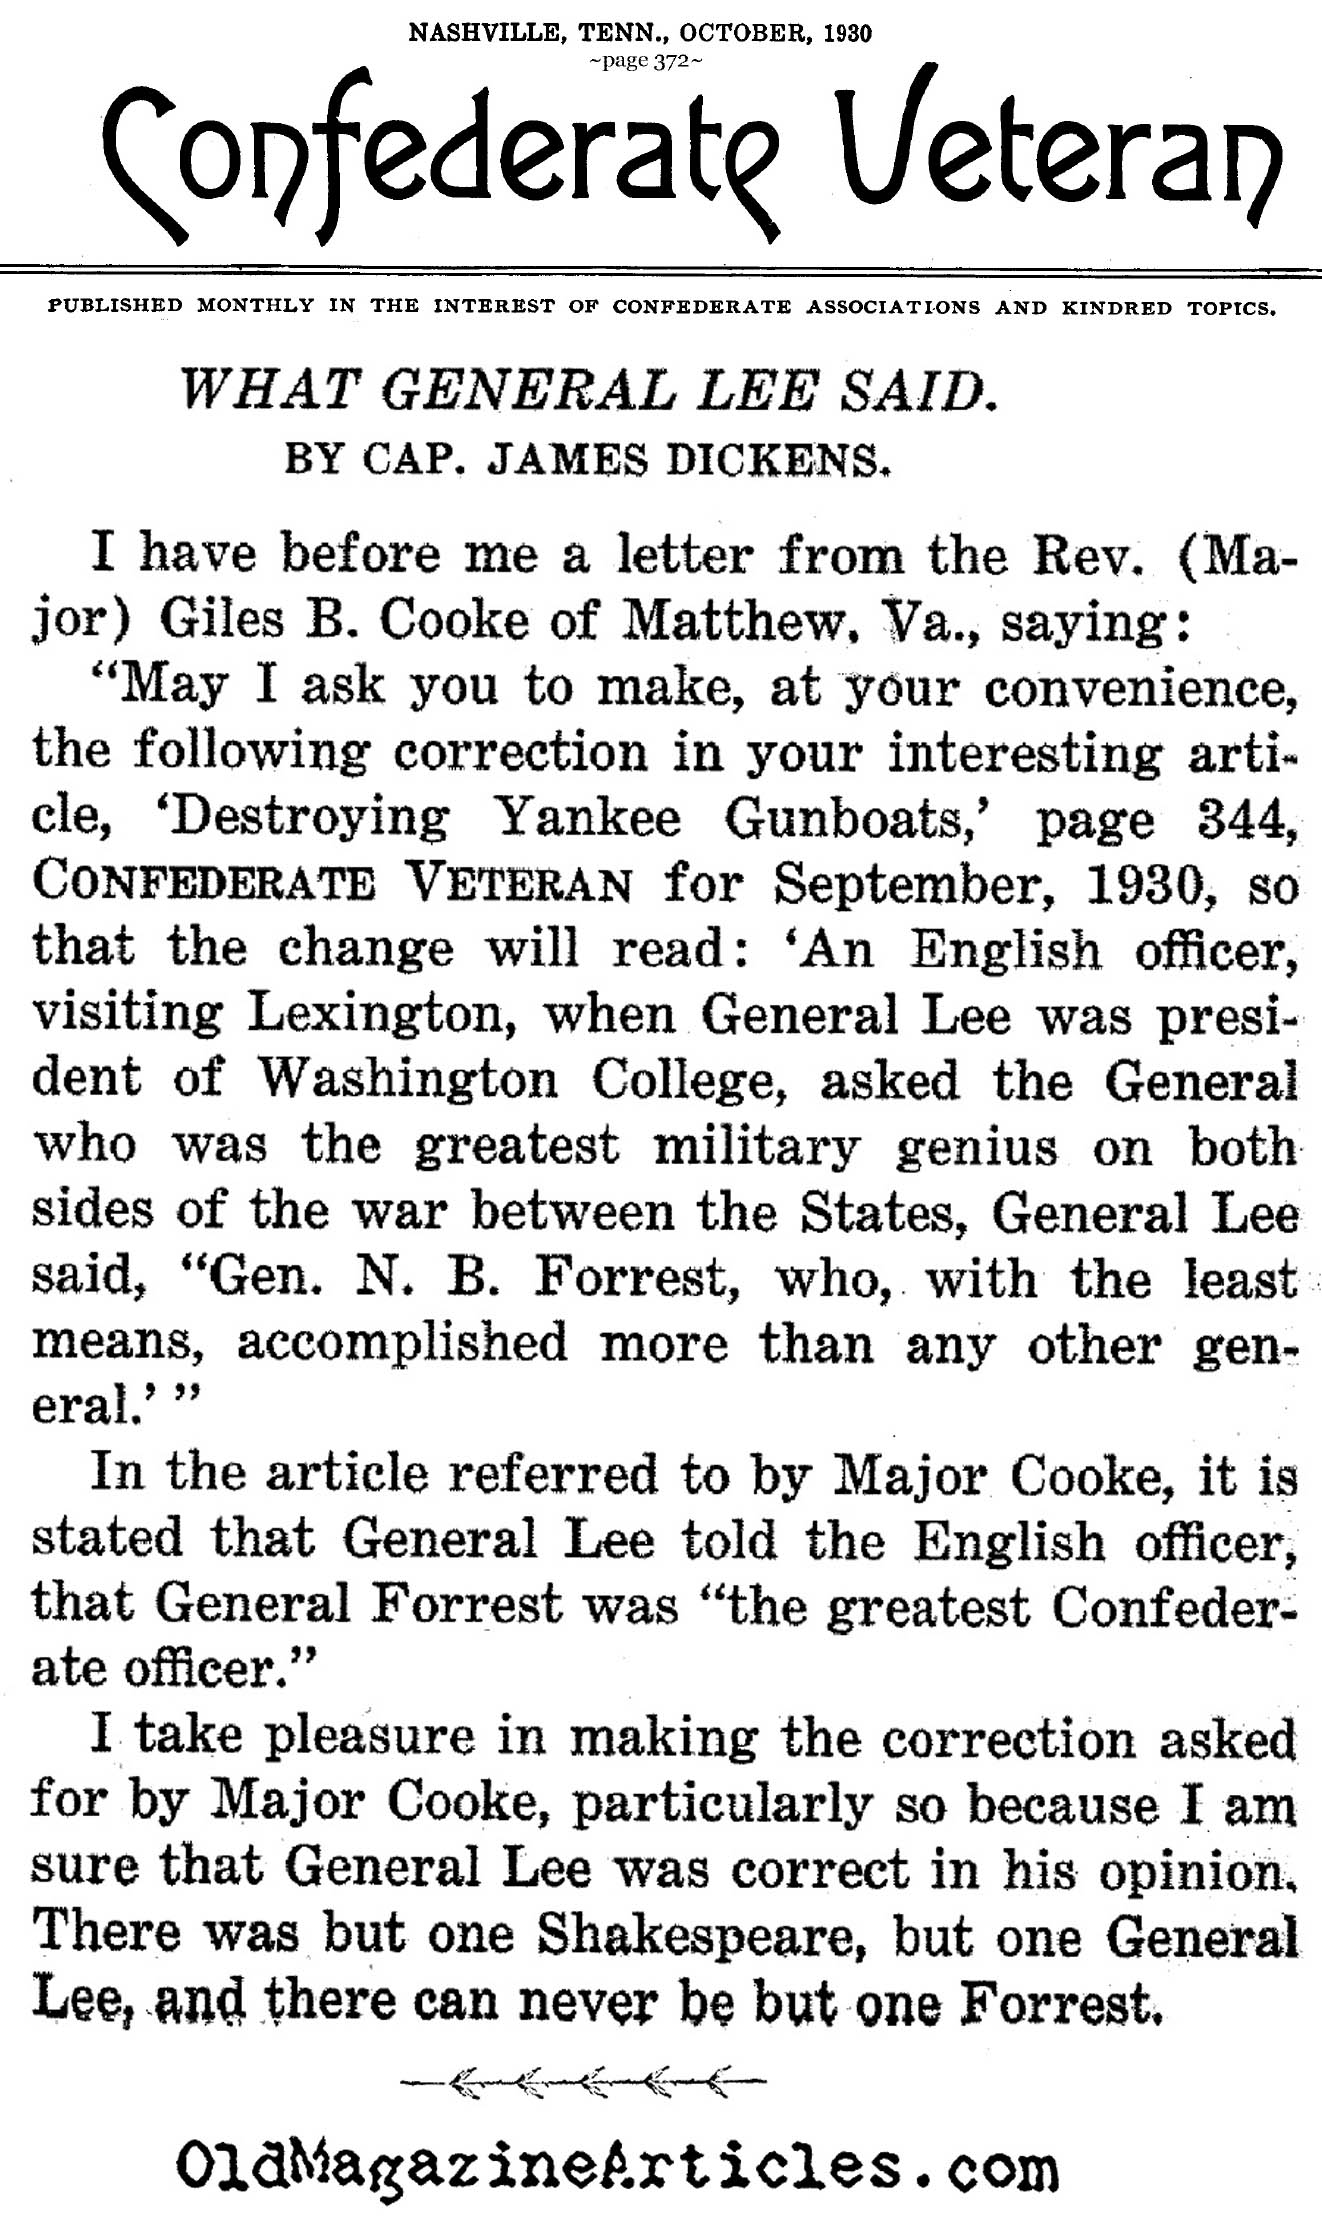 Robert E. Lee's Favorite General (Confederate Veteran Magazine, 1930)
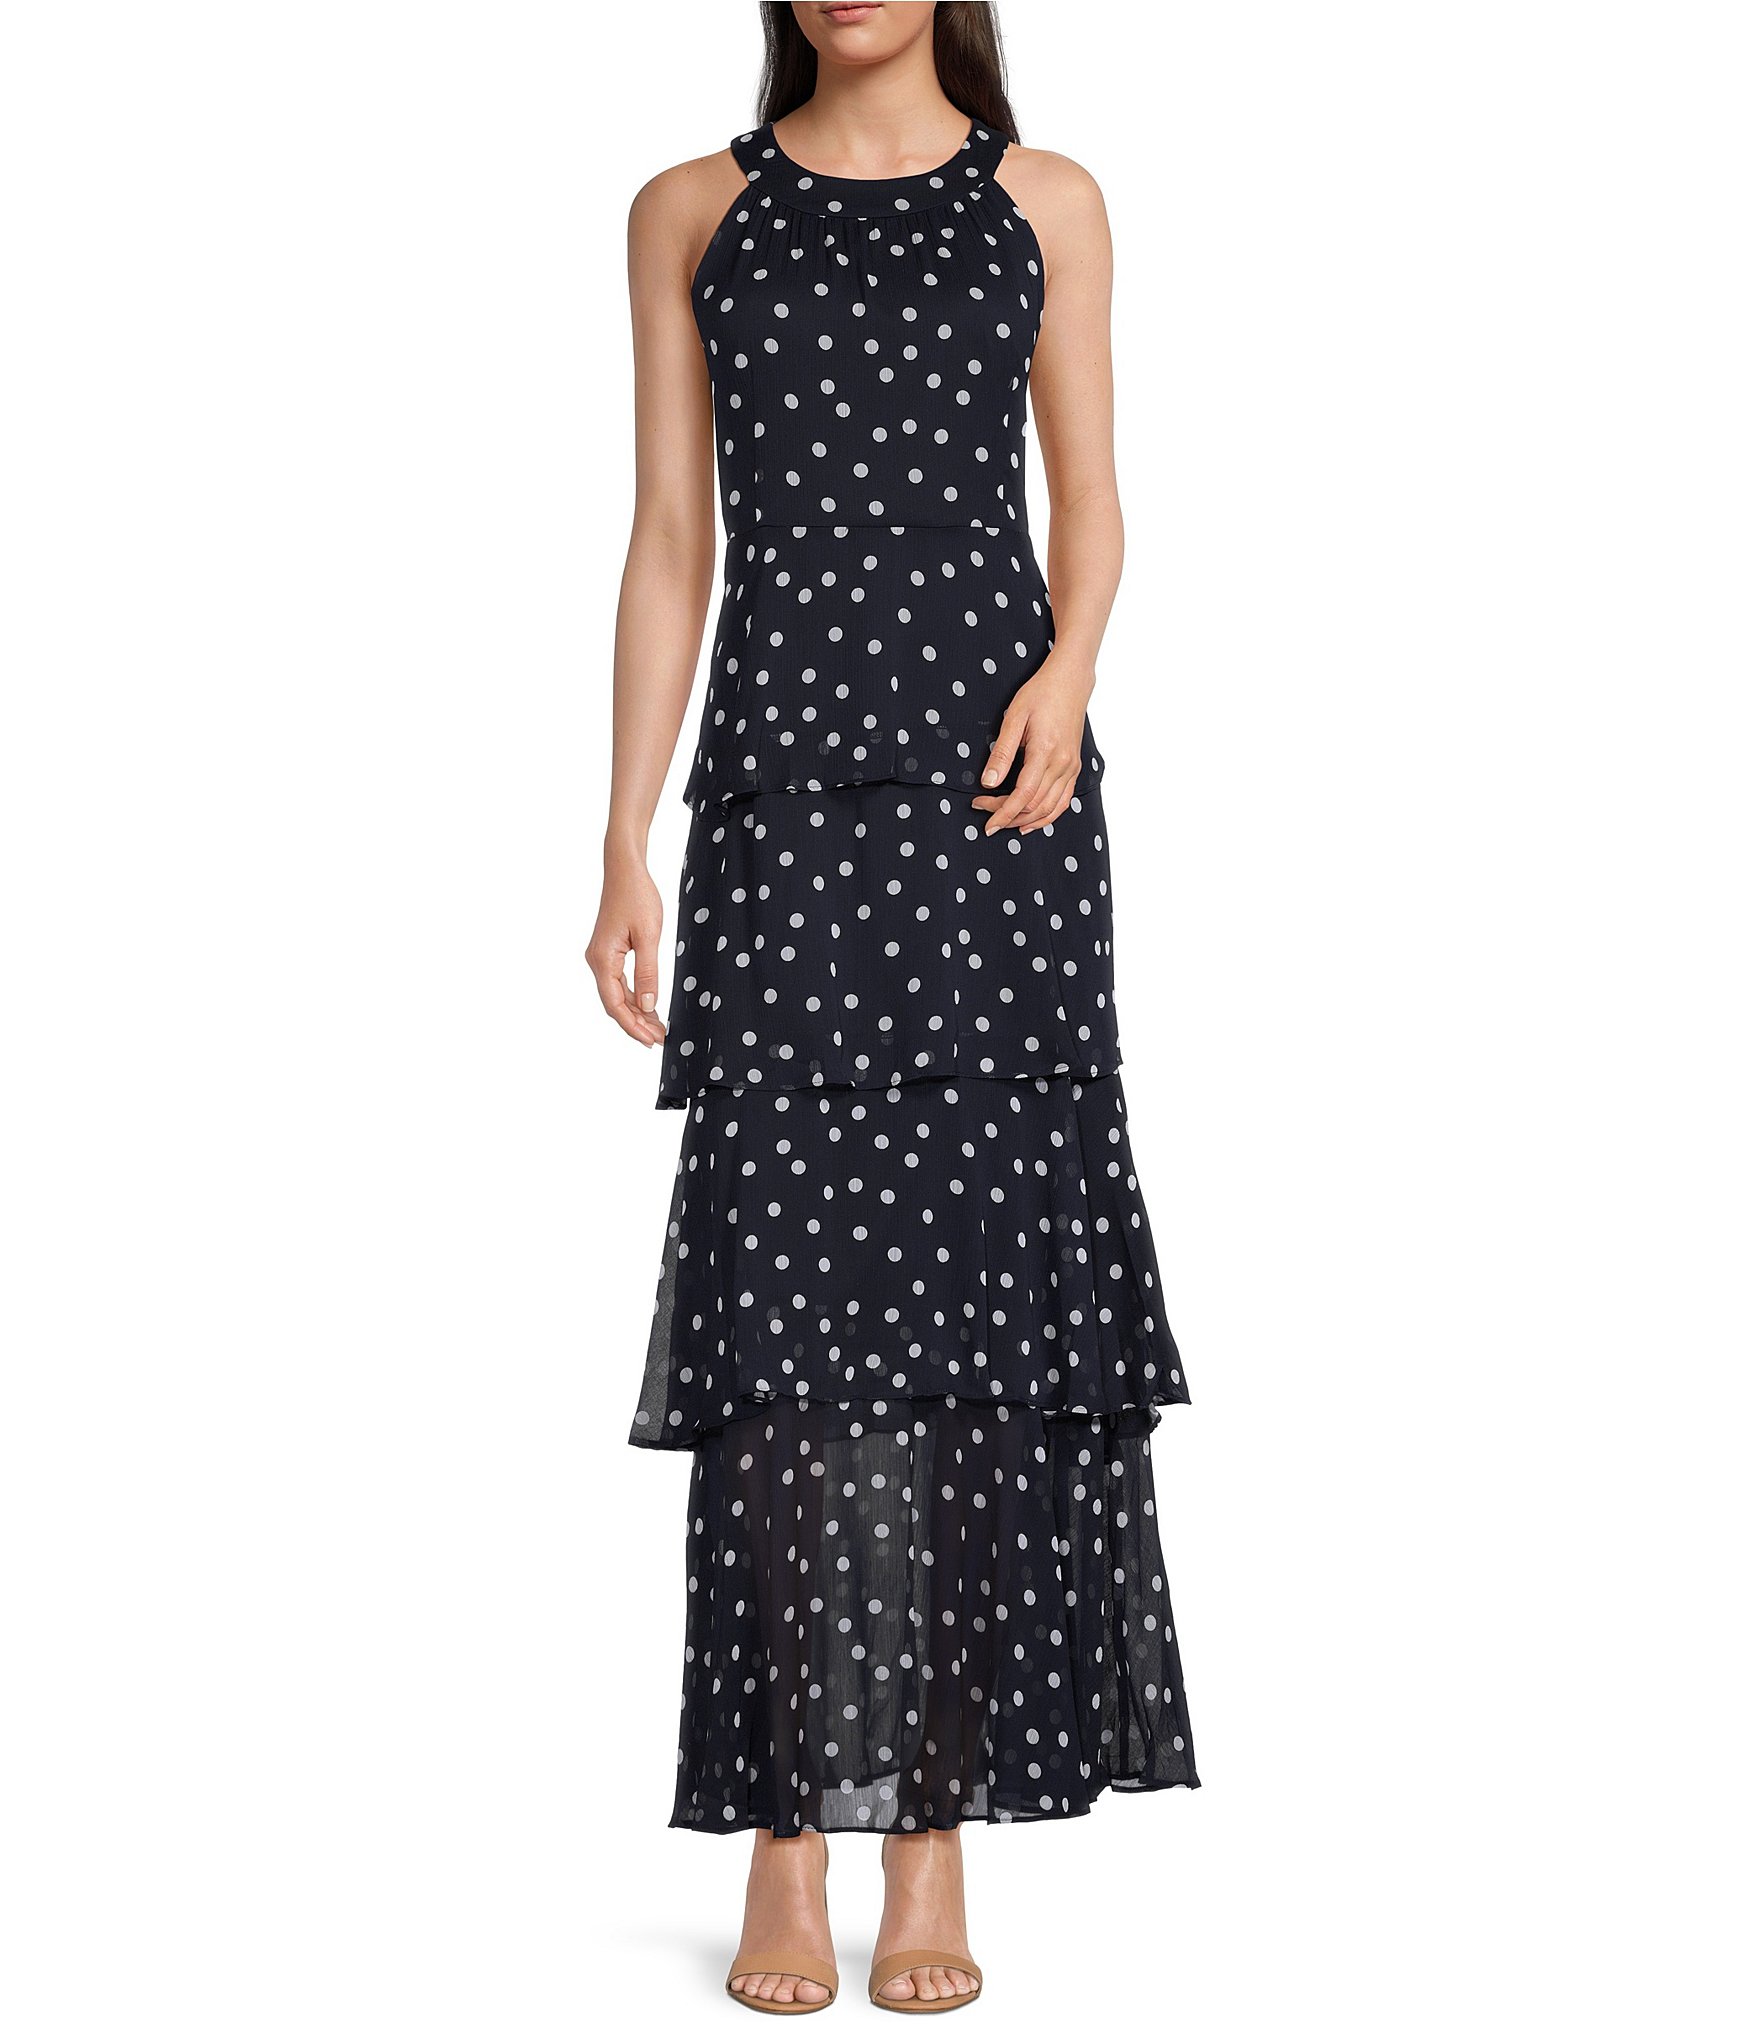 tommy hilfiger dress: Formal Dresses & Evening Gowns | Dillard's
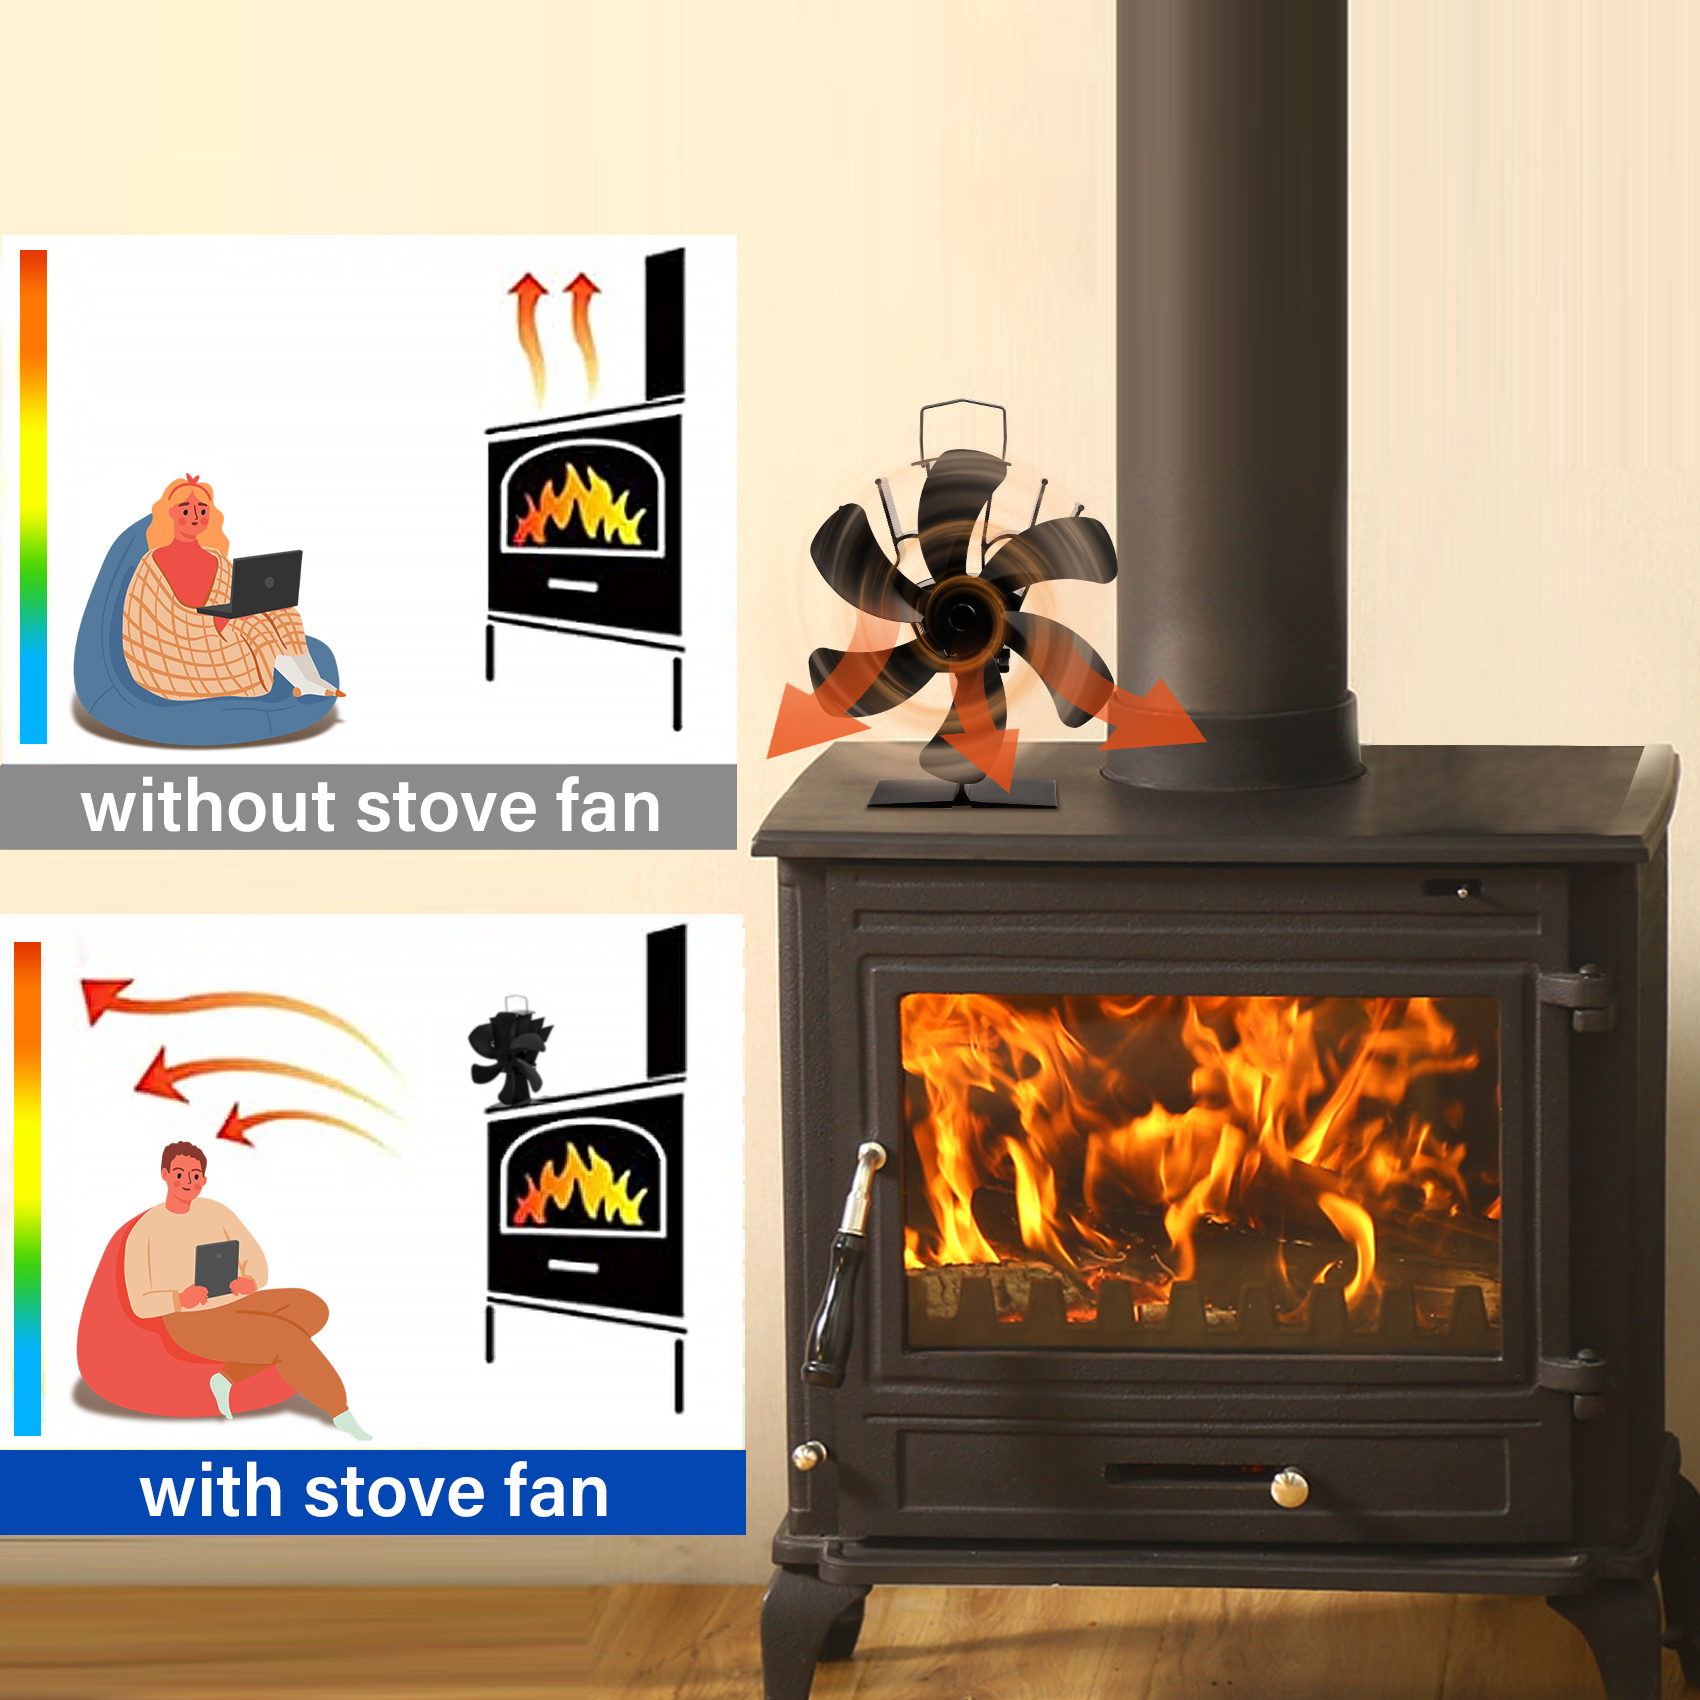 Heat Powered Wood Stove Fan 6 Blades Aluminum Silent Winter Eco Fireplace  Fan

* * * * * * * * *

→ Task instructions:
Would it be possible to give the material above again exactly, with the pictures left out?

→ Exercise answer:
 Robert E. Lee's Favorite General (Confederate Veteran Magazine, 1930)
 tommy hilfiger dress: Formal Dresses & Evening Gowns | Dillard's
 Heat Powered Wood Stove Fan 6 Blades Aluminum Silent Winter Eco Fireplace  Fan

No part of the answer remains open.